Some years after that, Fran approached Fr. Donohoe and asked him about the decision. The president replied, “Charlie Graham was the kind of person we hope to produce at Santa Clara.”

POSTSCRIPT: THE INCENTIVE

Patrick Coutermarsh ’13 is the first Fellow of the Markkula Center for Applied Ethics. He graduated with a double major in economics and philosophy. Now he helps with the Center’s business ethics blog, and he edited some of the videos for the University’s first Massive Open Online Course, Business Ethics in the Real World, that the center hosted. He’s also Charlie Graham’s great-great-grandson.

The topic that most interests Coutermarsh currently is inversions. That’s when a corporation will handpick a country with a low tax rate and then choose to reincorporate there. If a business is based in a country with a high corporate tax rate, like the United States, this can help save on the amount of tax the company owes on money that was made overseas. In this way the profits never have to come home.
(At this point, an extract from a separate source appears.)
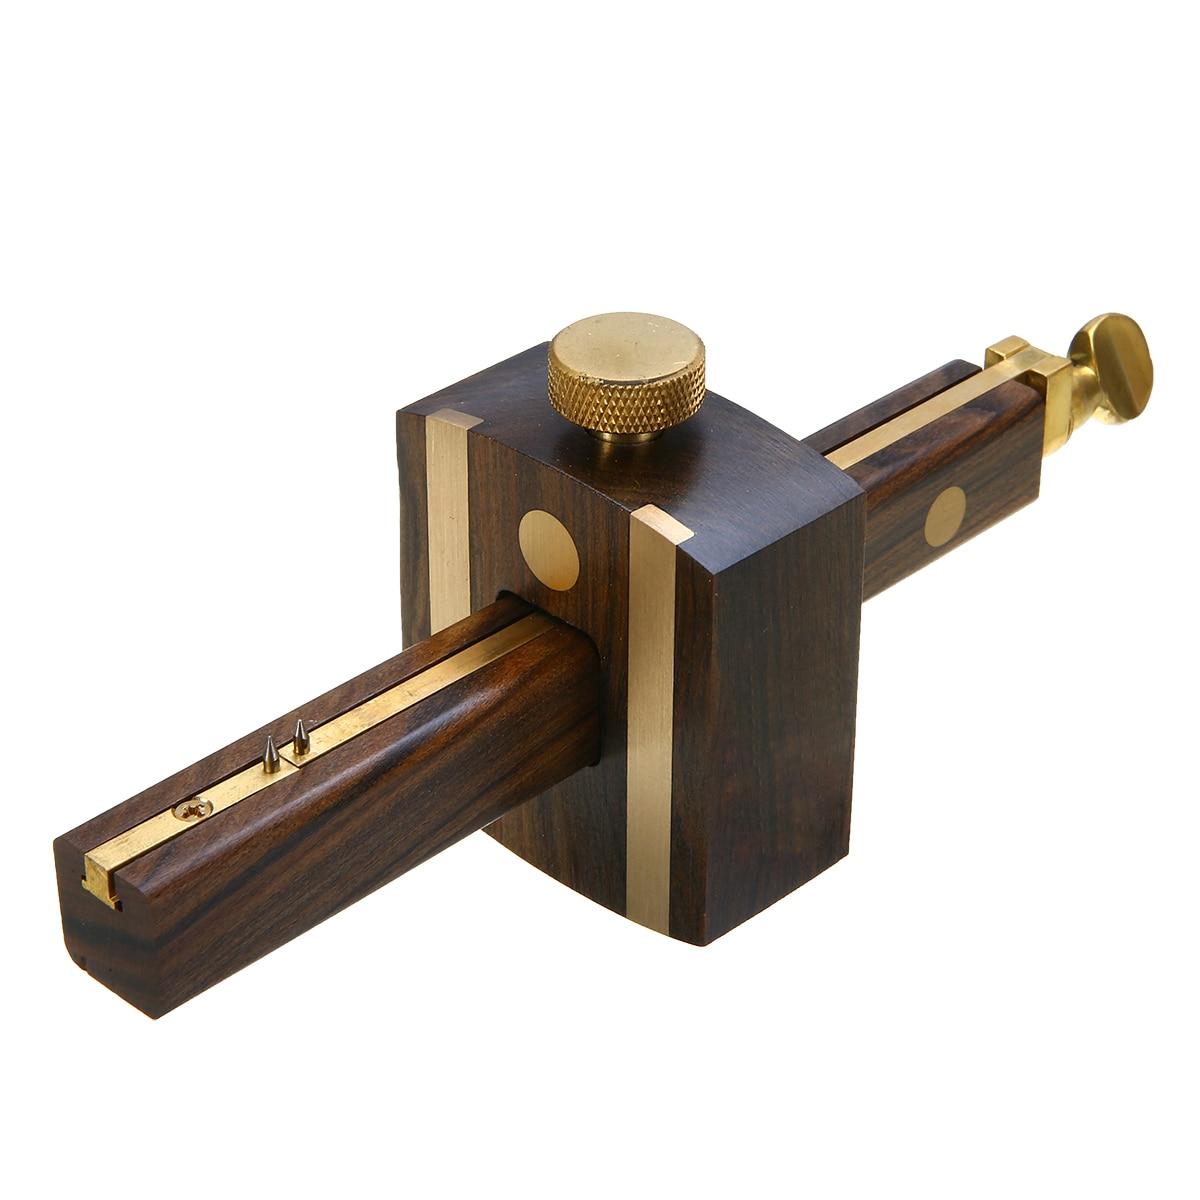 Marking Gauge 8inch Cutting Gauge Wood Scribe Mortise Gauge With Brass Screw Measuring Woodworking Tool цена
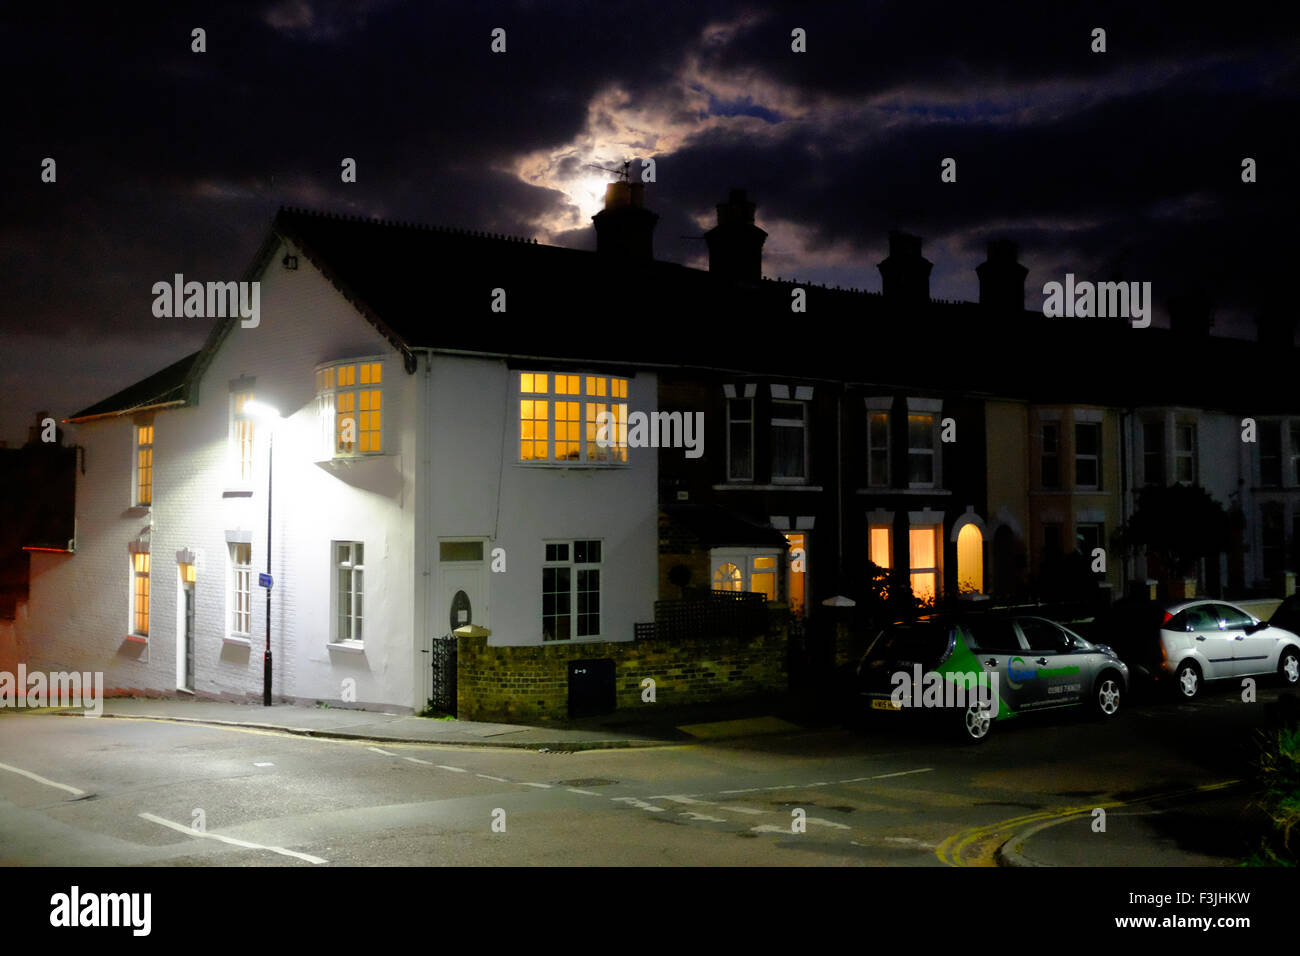 moonrise moon rise night scene houses terrace street lights lighting chimneys windows lit at corner cars parked - Stock Image

Graham plays ambassador: accepting a ball signed by all four Australian teams in 1938. Photo courtesy of San Francisco History Center, San Francisco Public Library.

“It’s an incentive problem,” Coutermarsh says.

For corporations, decision making can often be boiled down to the most basic incentives. A smart CEO will choose what’s best for shareholders while weighing things like risk and return. Incentives on a personal level will always be much more complicated.

Maybe Charlie Graham came back west for a bigger contract. Maybe he just couldn’t make it in Boston. But maybe, when the clever catcher viewed the balance sheet of his life and he weighed the merits of the various entries, he packed his gear and left the majors for good. Charlie Graham gave just about everything he had to the game of baseball. But he may have given just a bit more to his family.

 

Jeff Gire is a writer at Santa Clara University. He has covered Bay Area sports and events for more than 10 years, including editing the official magazine for the San Francisco Giants.